Les 40°C ont été fréquemment dépassés dans le sud-ouest et le centre-est. On a relevé 43,4°C à Monpazier, mais aussi 42,3°C à Angoulême, 42,1°C à Bergerac et 42,6°C à Romans-sur-Isère. Dans plusieurs villes méditerranéennes, les nuits tropicales se sont succédé pendant la totalité de l’épisode.
Cette canicule est devenue la deuxième plus longue observée en août à l’échelle nationale derrière celle de 2003. Elle a également aggravé la sécheresse et le risque d’incendie dans une moitié sud déjà très fragilisée.
Pourquoi les canicules d’août peuvent-elles être redoutables ?
En août, les sols ont souvent accumulé plusieurs semaines de sécheresse et de chaleur.
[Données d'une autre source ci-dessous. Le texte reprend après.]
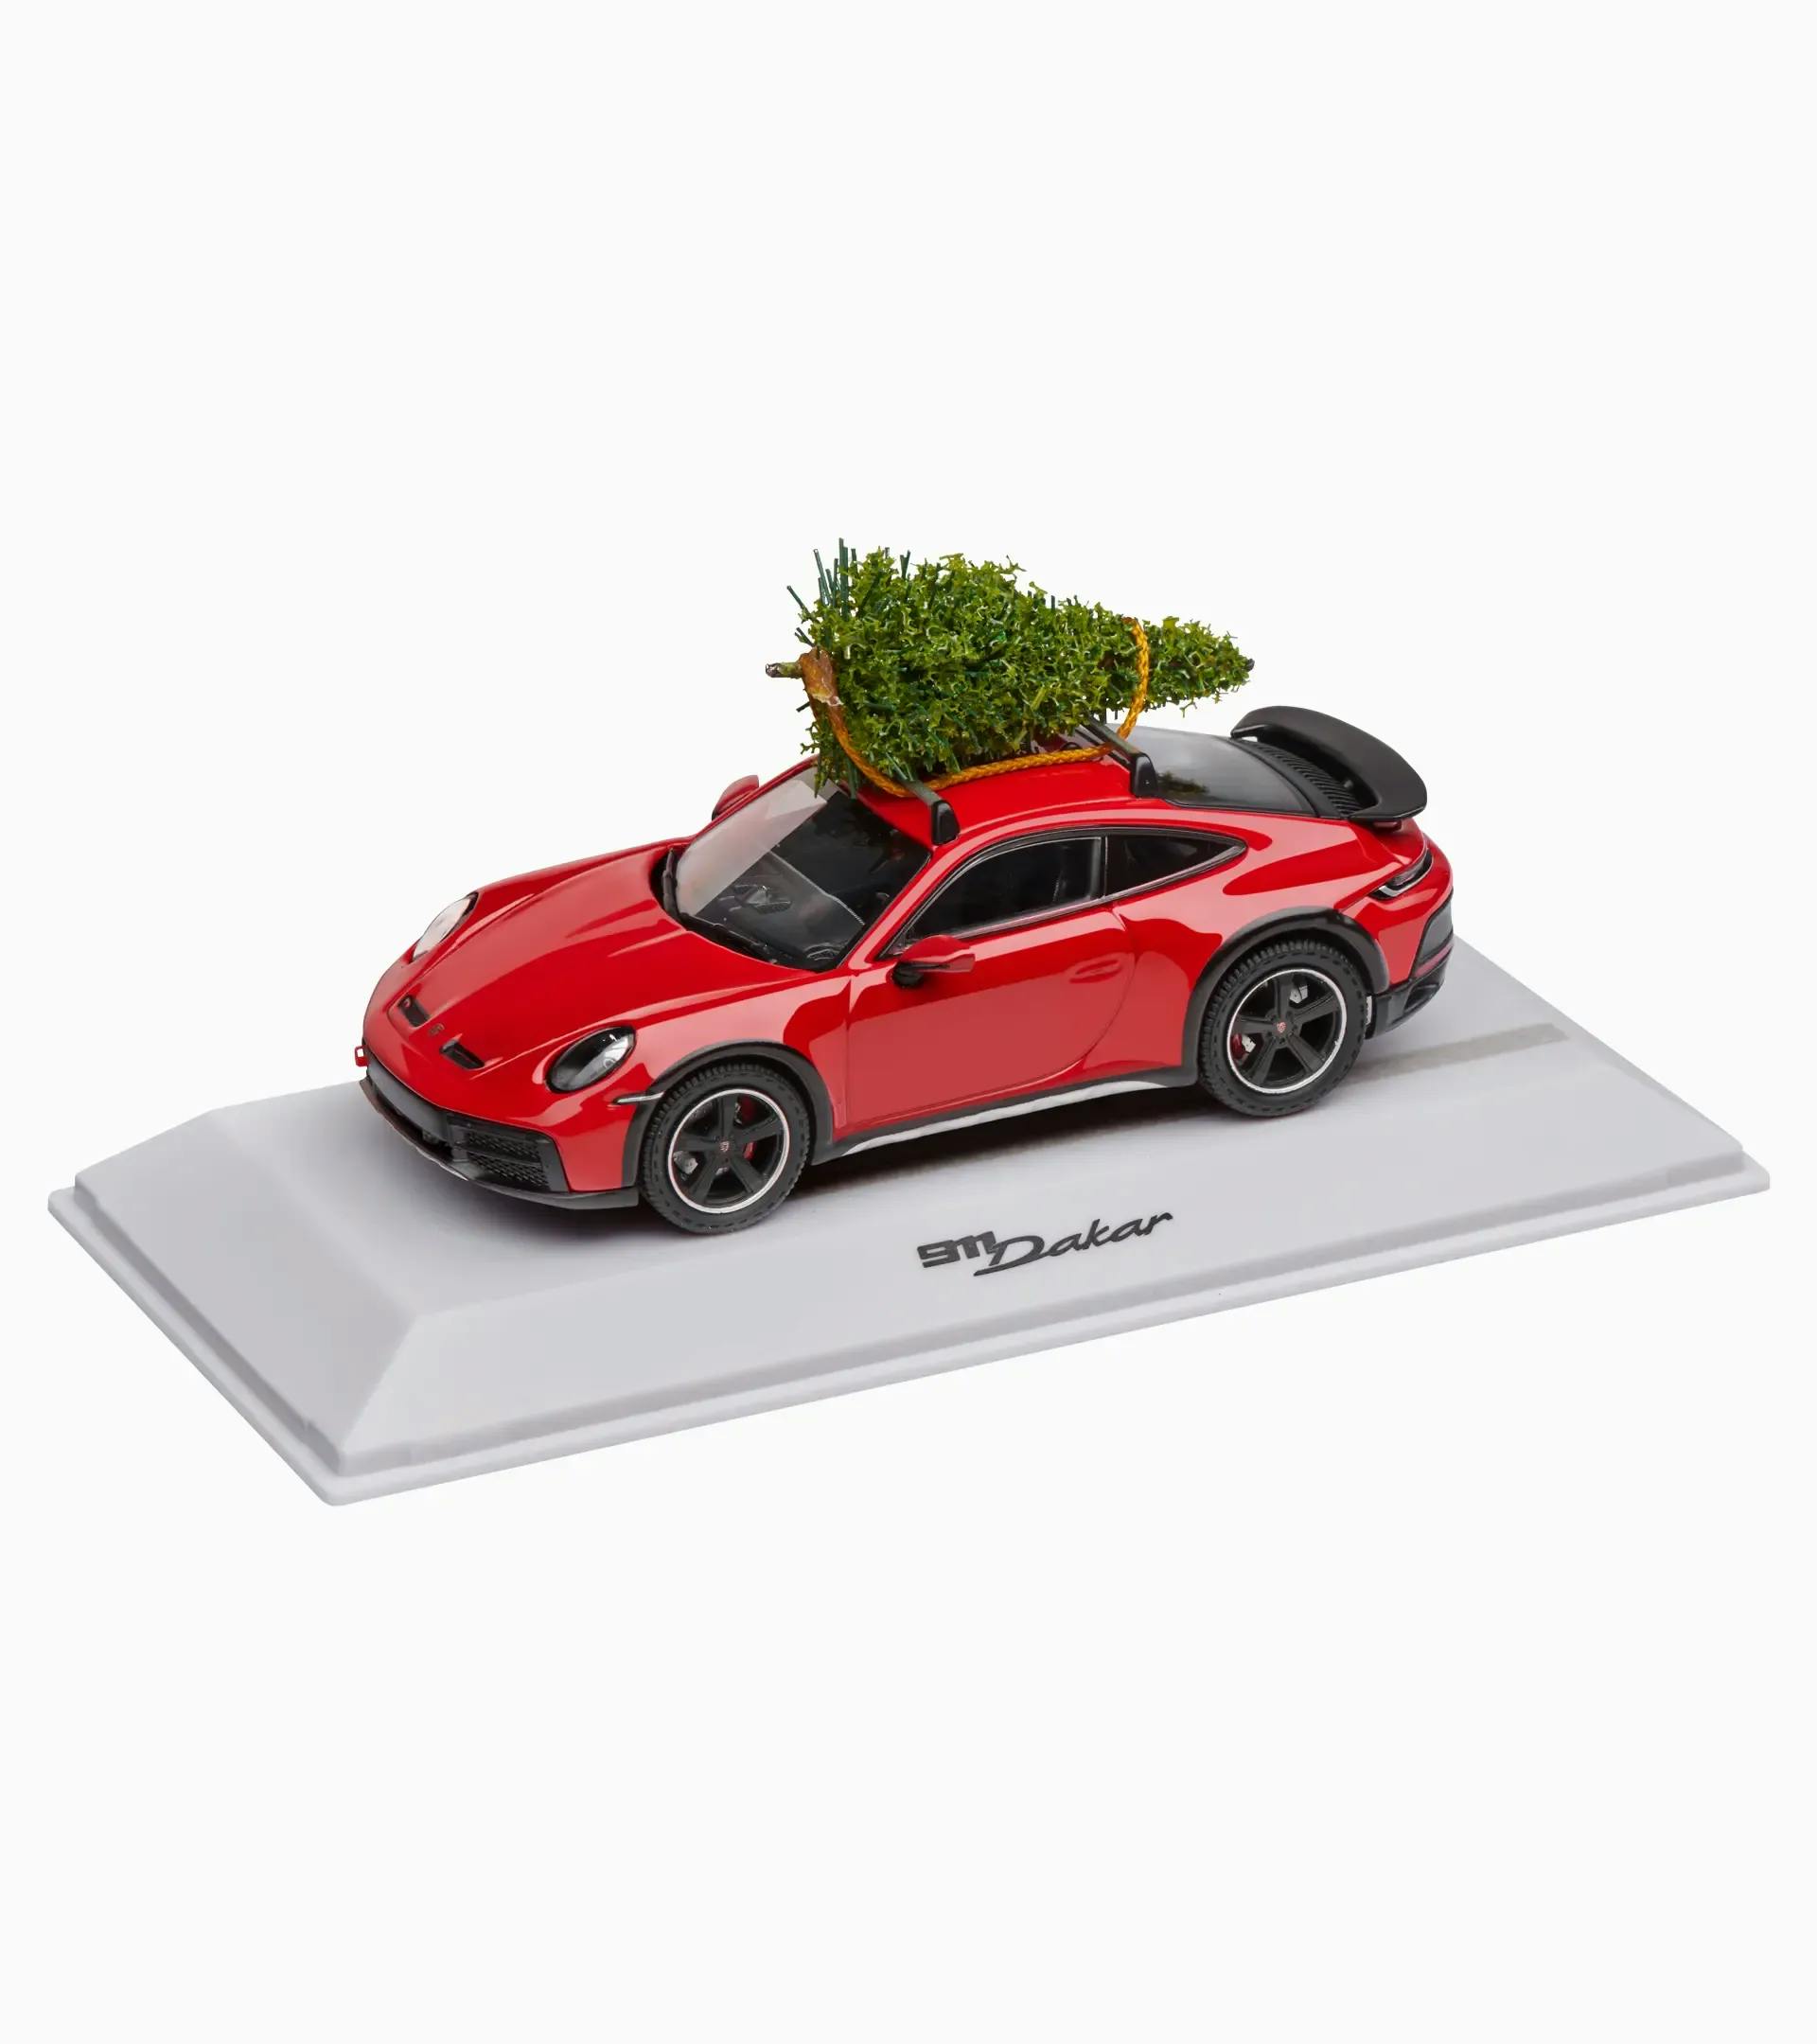 Porsche 911 Dakar (992) with Christmas tree – Christmas

Lorsque des hautes pressions se renforcent sur l’Europe, elles peuvent bloquer le flux océanique et permettre à une masse d’air subtropicale de remonter depuis l’Espagne ou l’Afrique du Nord.
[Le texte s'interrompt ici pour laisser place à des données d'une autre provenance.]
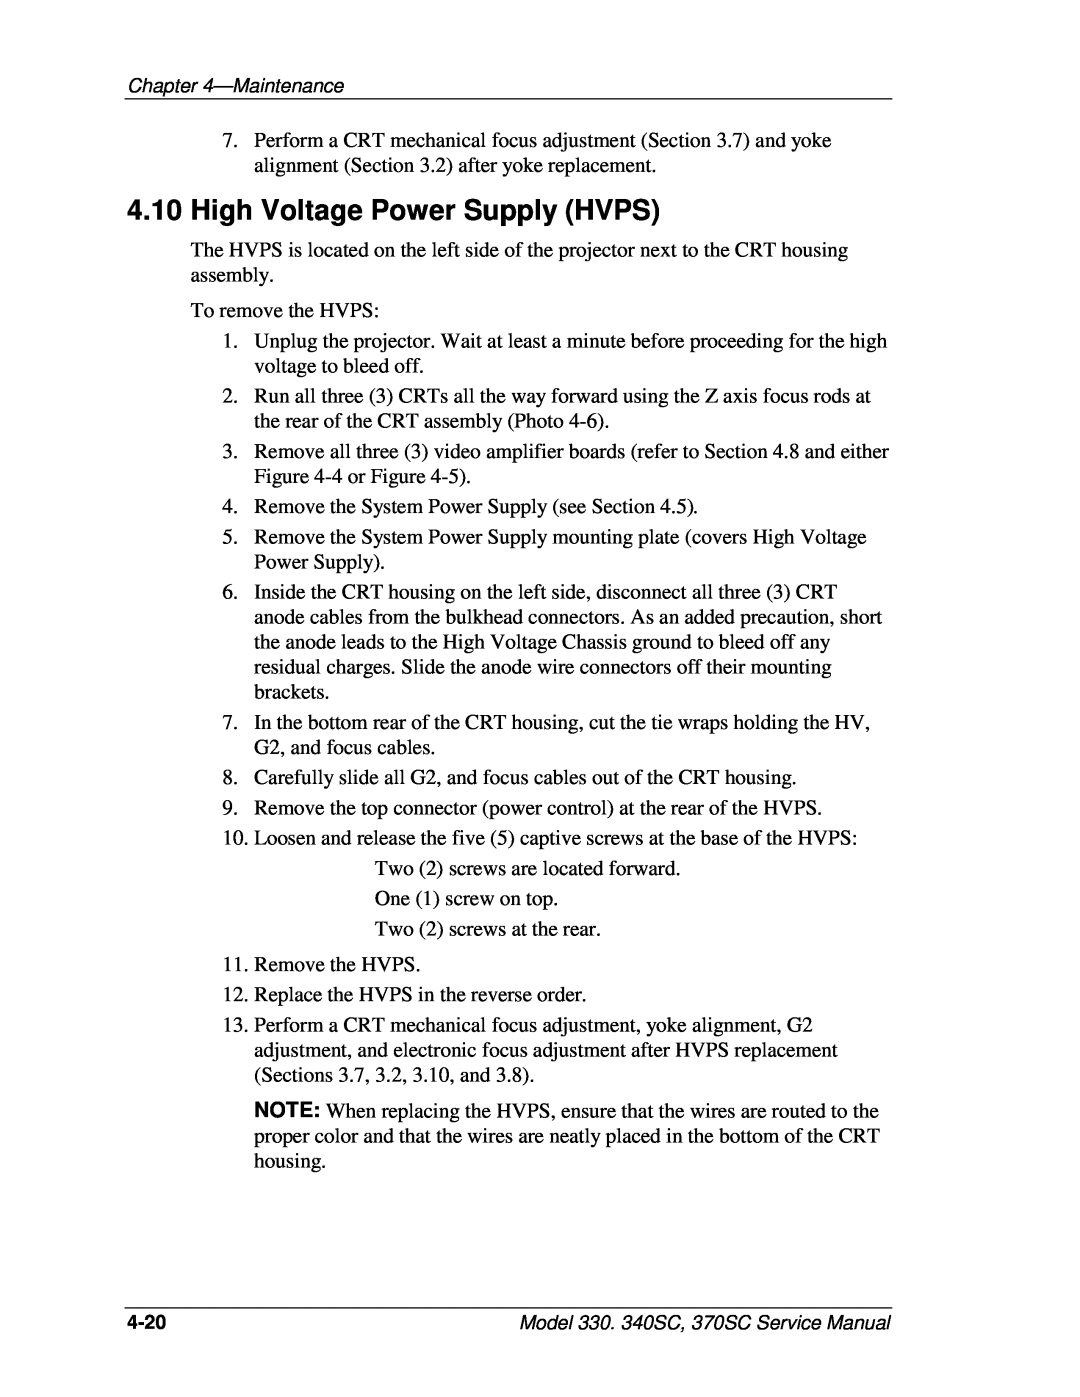 JVC 370 SC, 330, 340 SC service manual High Voltage Power Supply HVPS

Les sols secs amplifient alors le phénomène : l’énergie solaire ne sert plus à évaporer l’humidité, mais à réchauffer directement l’air. La chaleur devient plus intense le jour, tandis que les bâtiments et les villes restituent une partie de cette énergie pendant la nuit.
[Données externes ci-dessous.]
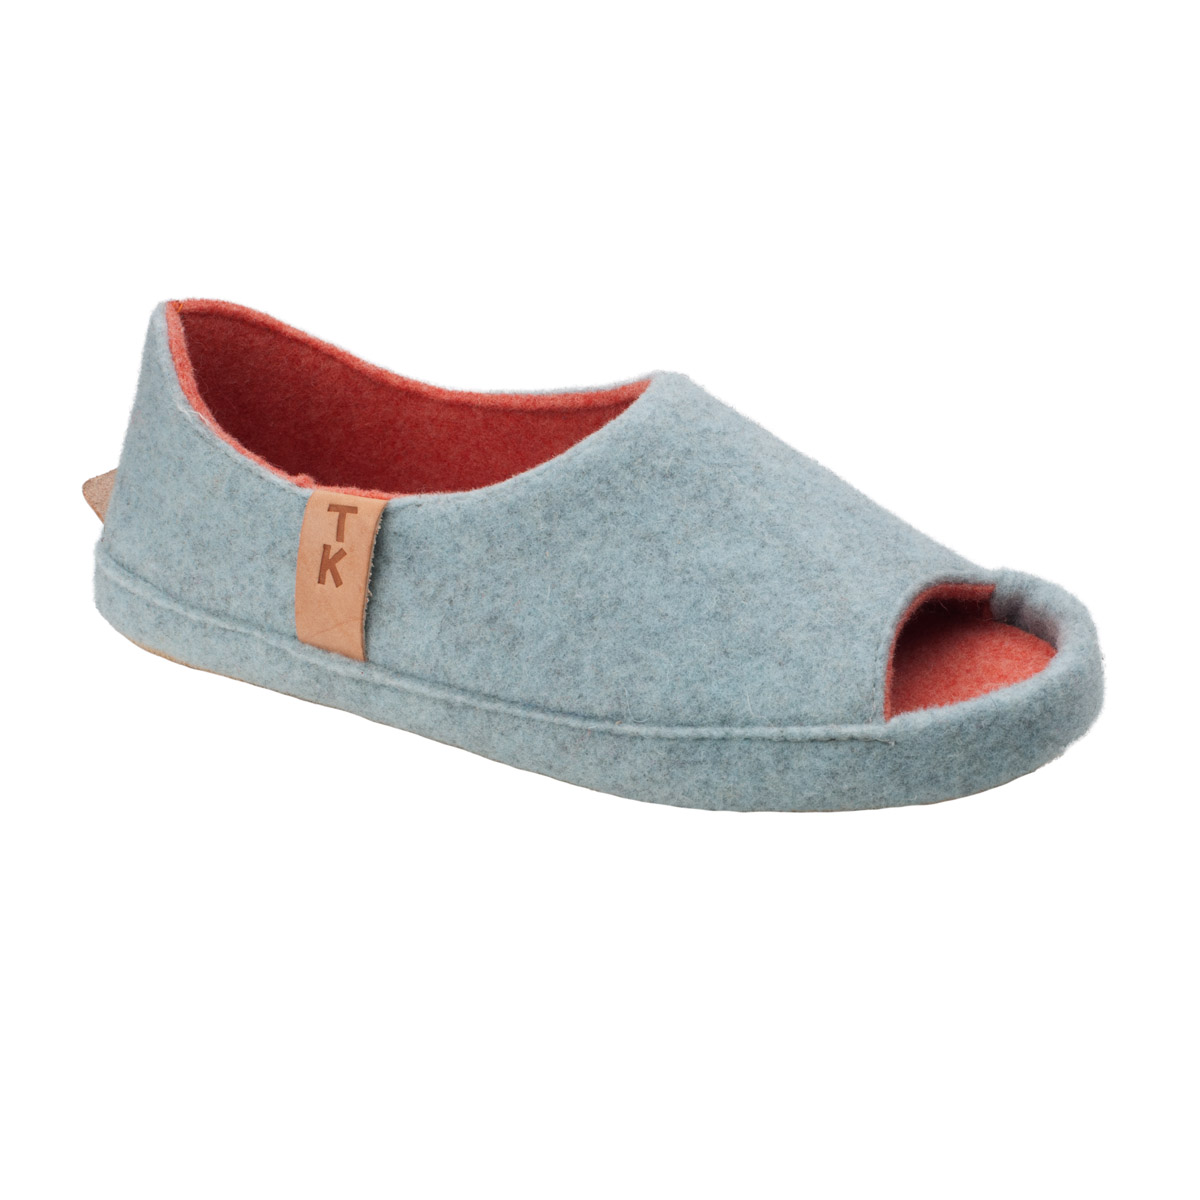 Handmade ethically made slippers

La comparaison historique montre aussi une nette accélération récente. Sur les principaux épisodes recensés, la majorité des canicules d’août les plus marquantes se sont produites depuis les années 2000.
Août 2026 peut-il rejoindre cette liste ?
Après quatre canicules depuis le début de la saison estivale, l’été 2026 présente déjà un caractère exceptionnel.
Une nouvelle hausse des températures est prévue pour la semaine prochaine, mais il reste encore trop tôt pour confirmer une cinquième canicule. Sa durée, l’intensité des températures nocturnes et l’extension géographique de la chaleur seront déterminantes.
L’histoire montre toutefois qu’une canicule d’août peut devenir très sévère lorsqu’un blocage anticyclonique s’installe durablement. Dans un pays déjà marqué par la sécheresse, les incendies et la fatigue accumulée depuis le début de l’été, tout nouvel épisode devra être suivi avec une attention particulière.